Okiem Świętego Józefa
Księga rodzaju (41)
Józefowe opowieści
Rymem, wprost z biblijnych treści
Jezus znał je od kołyski,
Posłuchajcie zatem wszyscy.
Król Gerary Abimelek,
Widząc co się wokół dzieje,
Rzekł raz tak do Abrahama:
- Bóg we wszystkim ci pomaga!
Więc na Boga tu przysięgnij,
Że mi zawsze będziesz wierny,
Że się nie dopuścisz zdrady
I że będziesz wciąż łaskawy
Dla mnie i potomków moich.
Złóż przysięgę tu, gdzie stoisz,
Uroczyście wobec nieba!
Odpowiedział więc: - Przysięgam!
Ale coś wypomnieć muszę!
Sam wybudowałem studnię.
Twoi ludzie ją zabrali,
O mą zgodę nie pytali…
Siłą to zrobili panie!
- Ja nic o tym nie wiedziałem!
Studnia znowu będzie twoja,
Taka jest królewska wola!
Wtedy Abraham, królowi,
Oddał owce oraz woły.
Był to, w tej przysięgi chwili,
Znak przymierza między nimi.
Dodatkowo, Abraham,
Siedem jagniąt władcy dał.
- Co to znaczy?

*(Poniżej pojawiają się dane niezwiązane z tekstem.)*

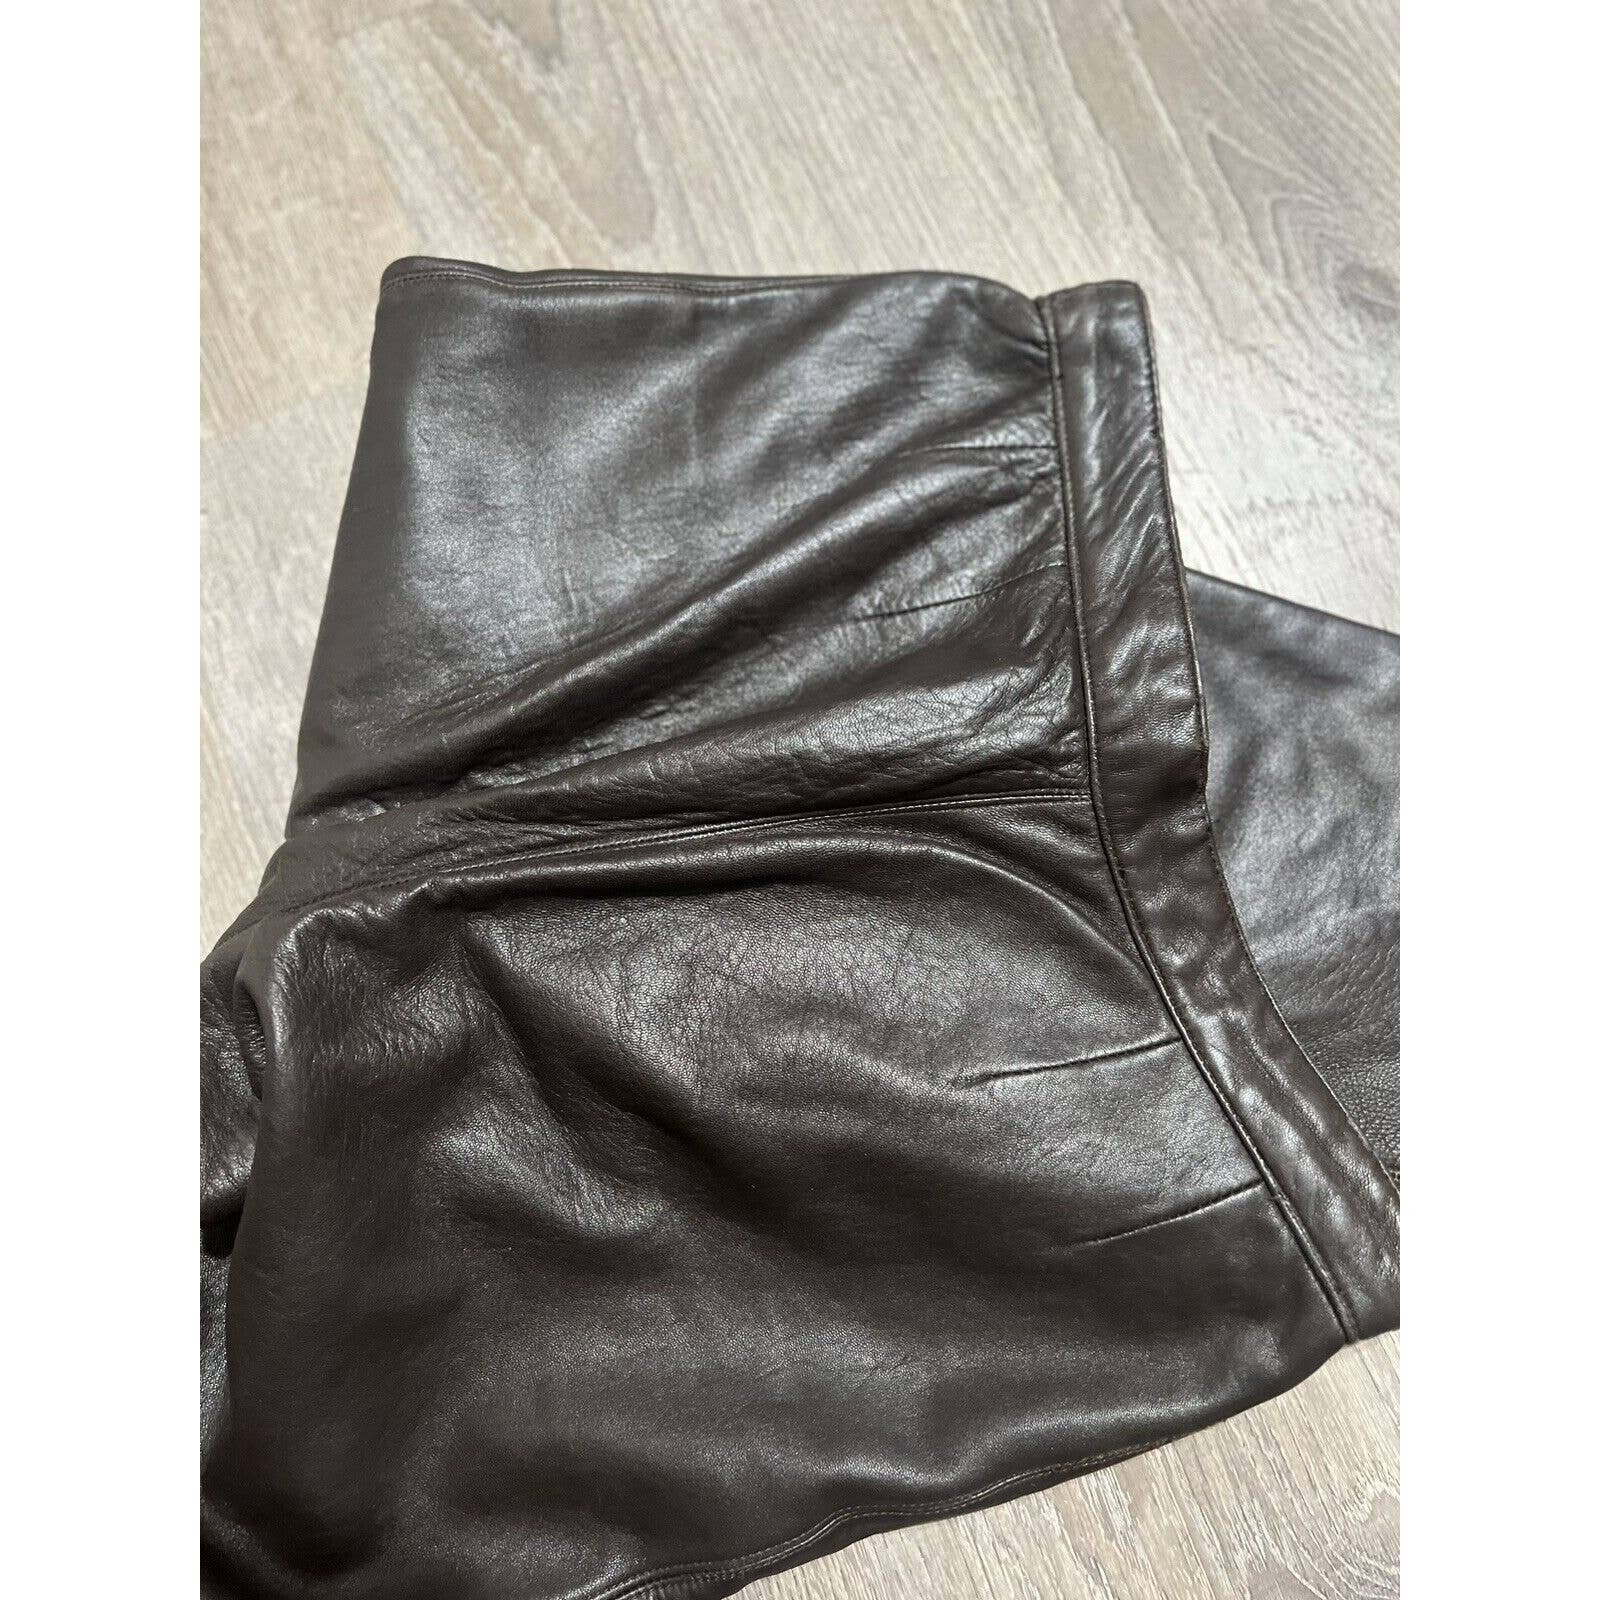 where to buy  Vintage Bikers Women´s Size 27 Genuine Leather Pants High Waisted Brown EUC mKHz55X9U no tax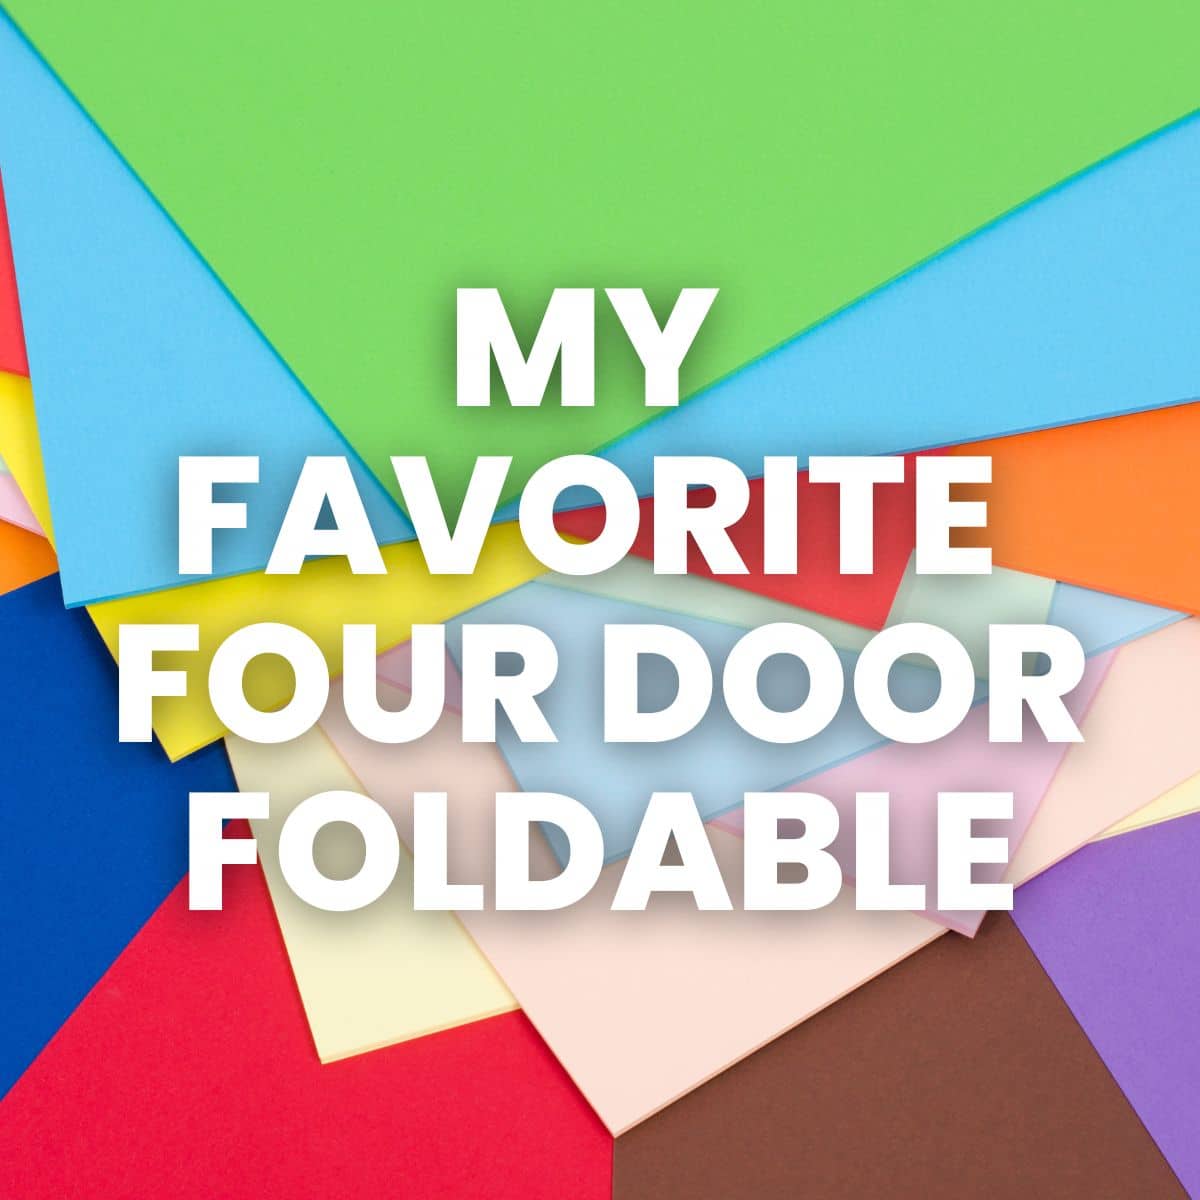 background of colorful paper with text "my favorite four door foldable" 

Spytał król.
- Dzięki temu będę mógł,
Udowodnić w rzeczy samej,
Że ja studnię wykopałem.
I nazwano ją Beer Szeba,
Jako miejsce ich przymierza,
Co znaczyło w słownej głębi,
Że to studnia jest przysięgi.
Kiedy już się pożegnali,
Drzewo Abraham zasadził.
Tam z wieczora czy też z rana,
Modlił się do swego Pana,
Wielbiąc nieustannie Boga,
Który tak go umiłował.
?Romcio Tomcio
Komentarze
Nikt nie dodał jeszcze komentarza.
Bądź pierwszy!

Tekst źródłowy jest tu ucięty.